I have never been able to use cp soap as a shampoo, our water is too hard. I suggest that you visit the swiftcraftymonkey blog. She has good instructions for making shampoos, conditioners and 3-in-1 products, but these all use surfactants. Surfactants are not all evil. There are some very eco friendly surfactants that can be found at The Herbarie, The Chemistry Store and Save On Citric. I have taken up a whole new hobby making my family's shampoo, body washes, bubble bath, dish detergent etc.


----------



## JamieCatheryn (Feb 9, 2013)

Mattie420 said:


> Ok so I want to make my own shampoo / conditioner / body wash. I think I have most of, if not all the necessary ingredients. Basically I'm looking for a good solid recipe and instructions on the best kind of soaps I can make with what I have (or maybe 1 or 2 more things I don't have that are easily accessible). What I have is coconut oil, honey, lemon juice, baking soda, distilled water, pure-castile bar soap, pure-Castile hemp liquid soap, jojoba oil, lavender essential oil, spearmint essential oil, tea tree oil extract. Any takers?


First try lathering up your bar soap and working it into your hair, does it work well for you as a shampoo? If so, there you go you already have it.

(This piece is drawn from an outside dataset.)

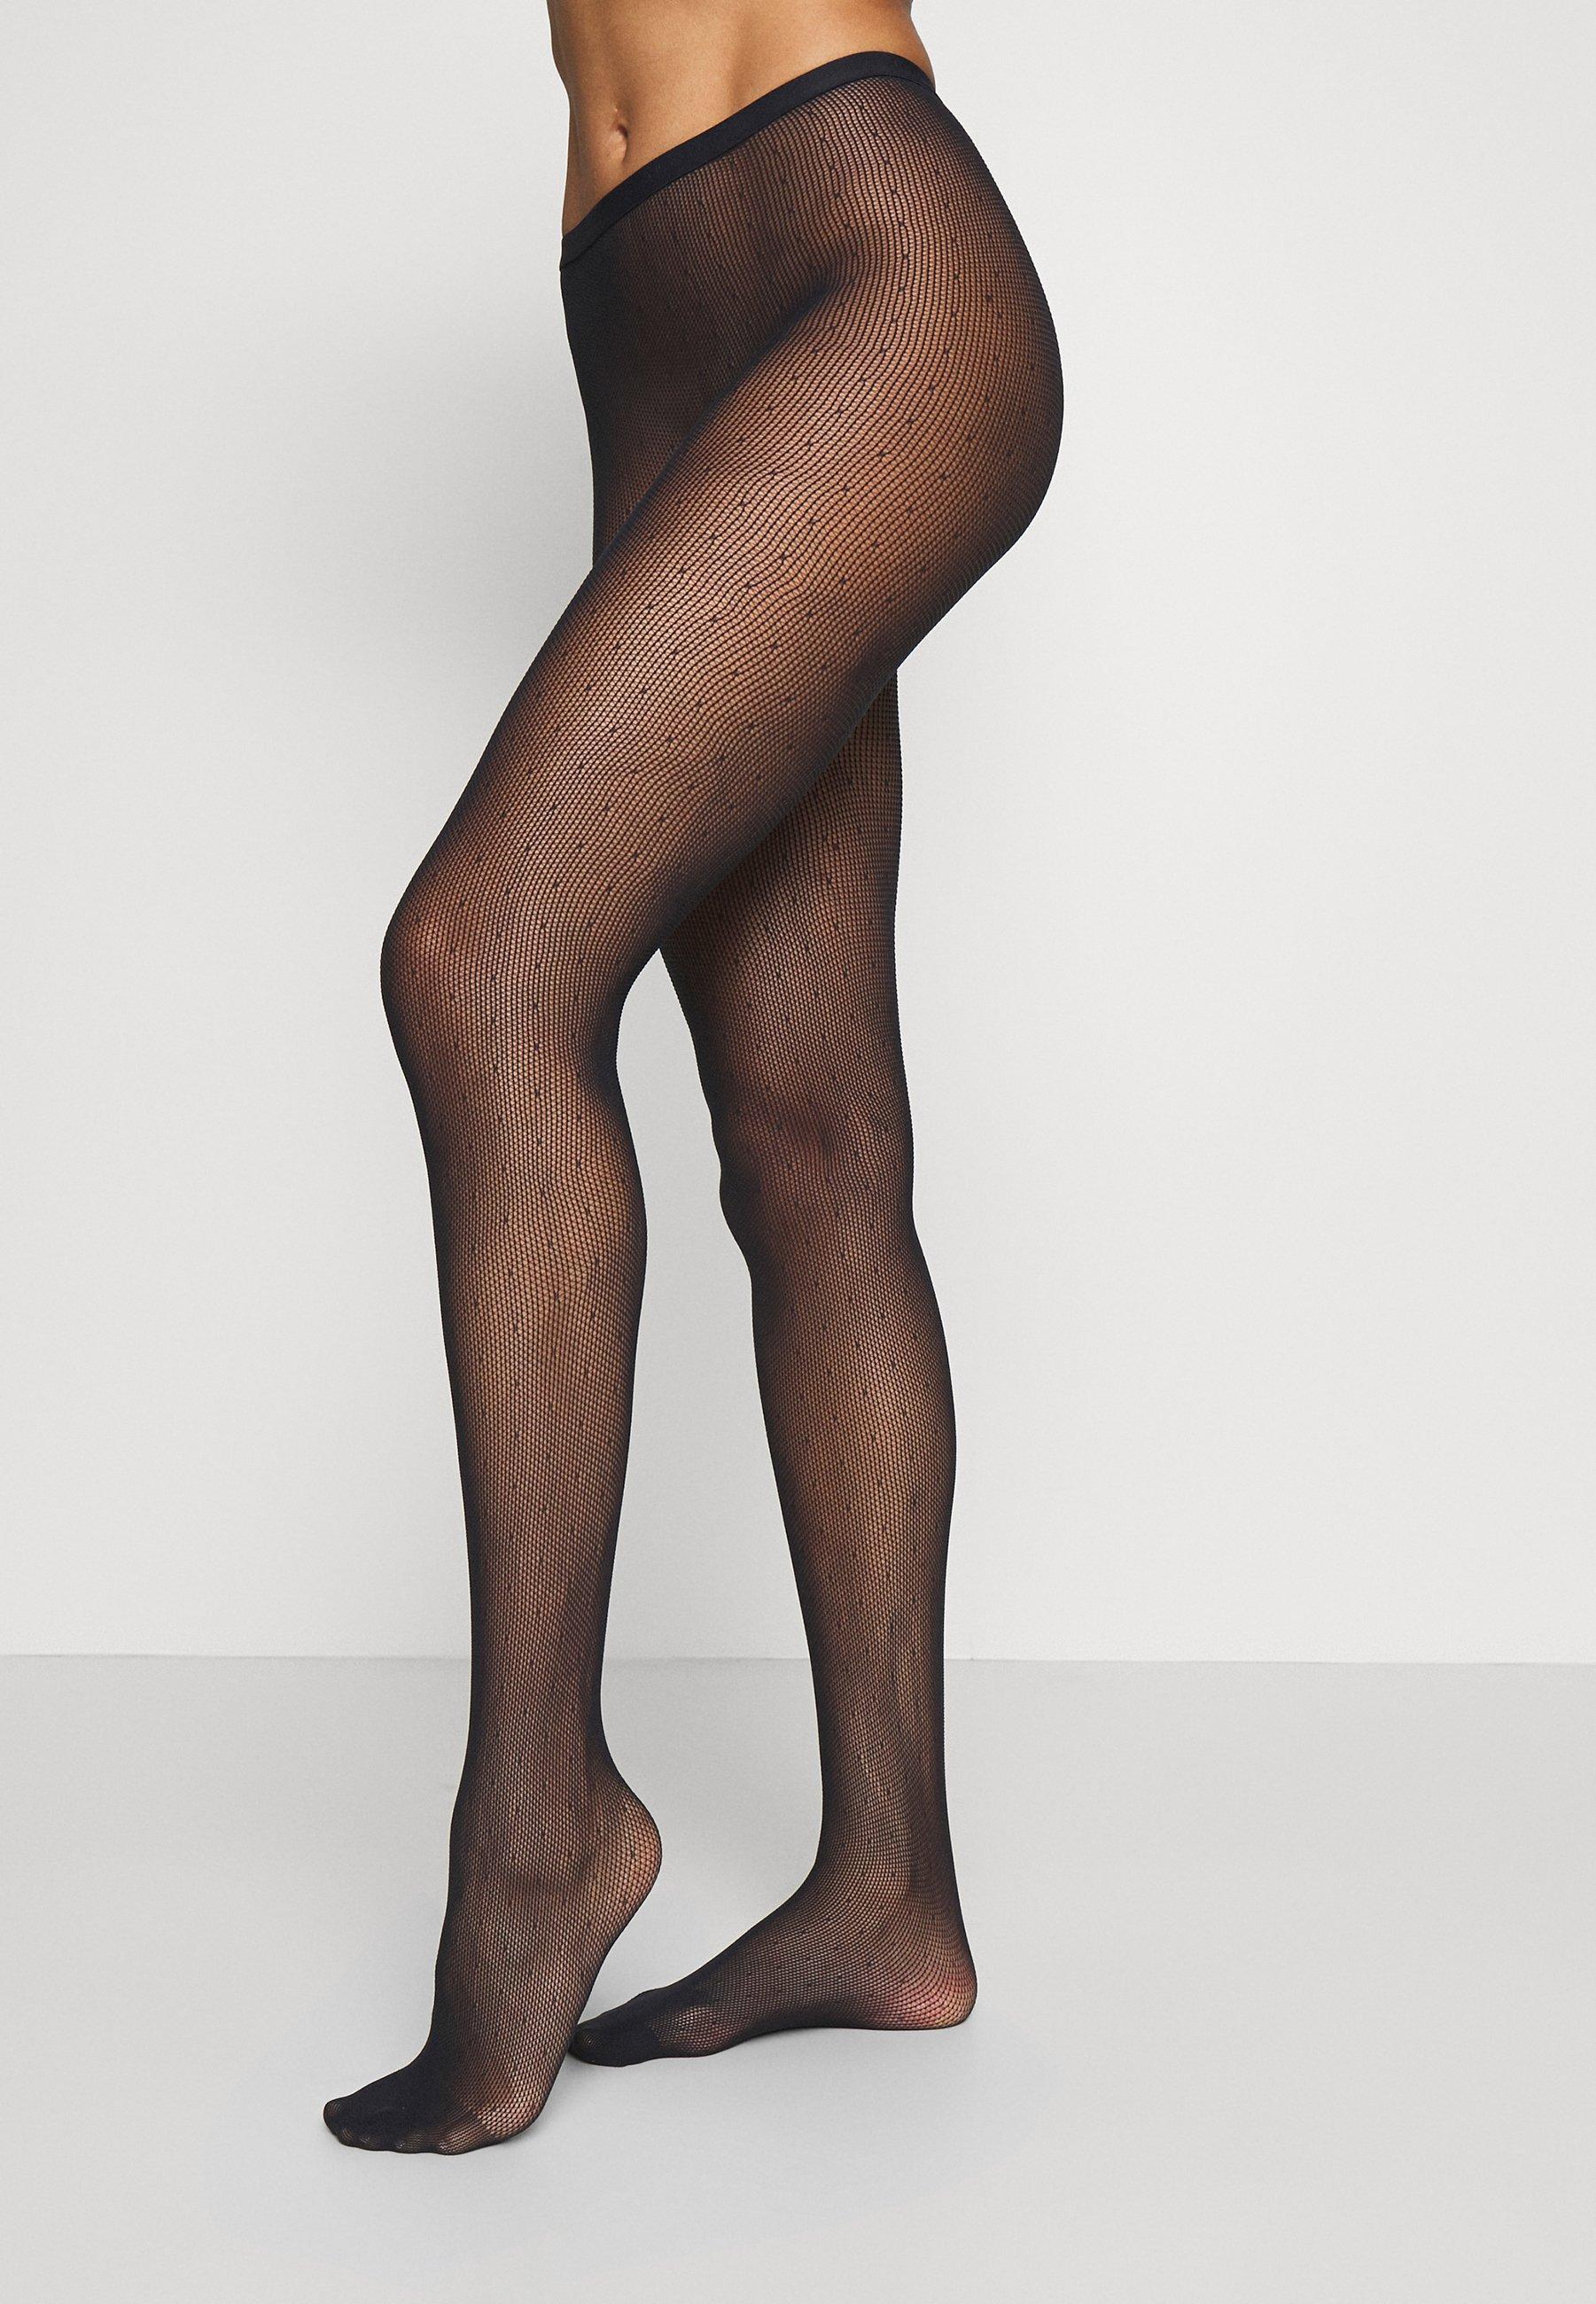 Femme FALKE PLUMETIS STRUMPFHOSE FEIN SCHWARZ - Collants
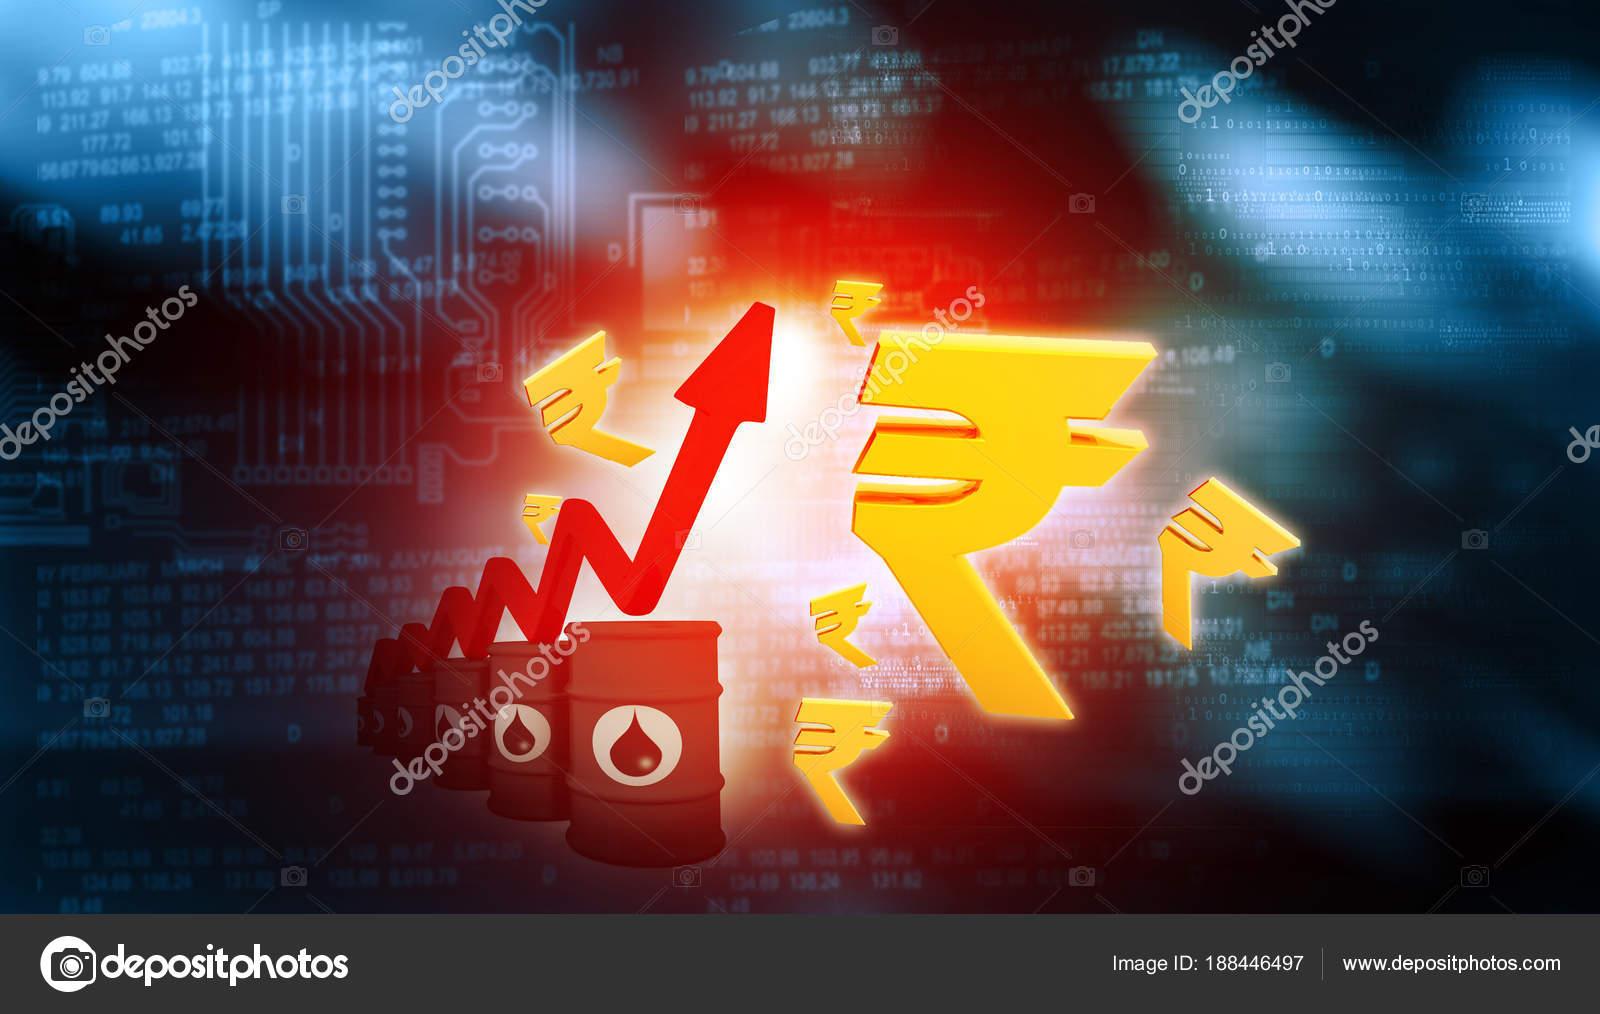 Increasing Oil Price Indian Rupee Symbol High Price Oil Growing

You can grate or chop it and add boiling water to get liquid version of the same, but shampoo bars are a thing, works for many. Add EO a few drops at a time as you like if you melt it in water.

You could go no-poo and use baking soda scrub and diluted lemon juice or acv rinse to clean your hair every now and then instead if you want, but some people find this helps their hair others it damages it. Regardless, it takes a couple weeks to adjust to the new routine and look good. You can use jojoba as a hair oil, it's good for it, but won't behave like conditioner. You can even use an egg and whip oil in a tiny bit at a time, basically a jojoba mayo conditioner...but rinse it out with cool-ish water you don't what to cook eggs on your hair (this would keep in the fridge like a week).


----------



## Mattie420 (Apr 2, 2013)

Ok, thanks everybody for the help!! If I have any questions I will continue this thread


----------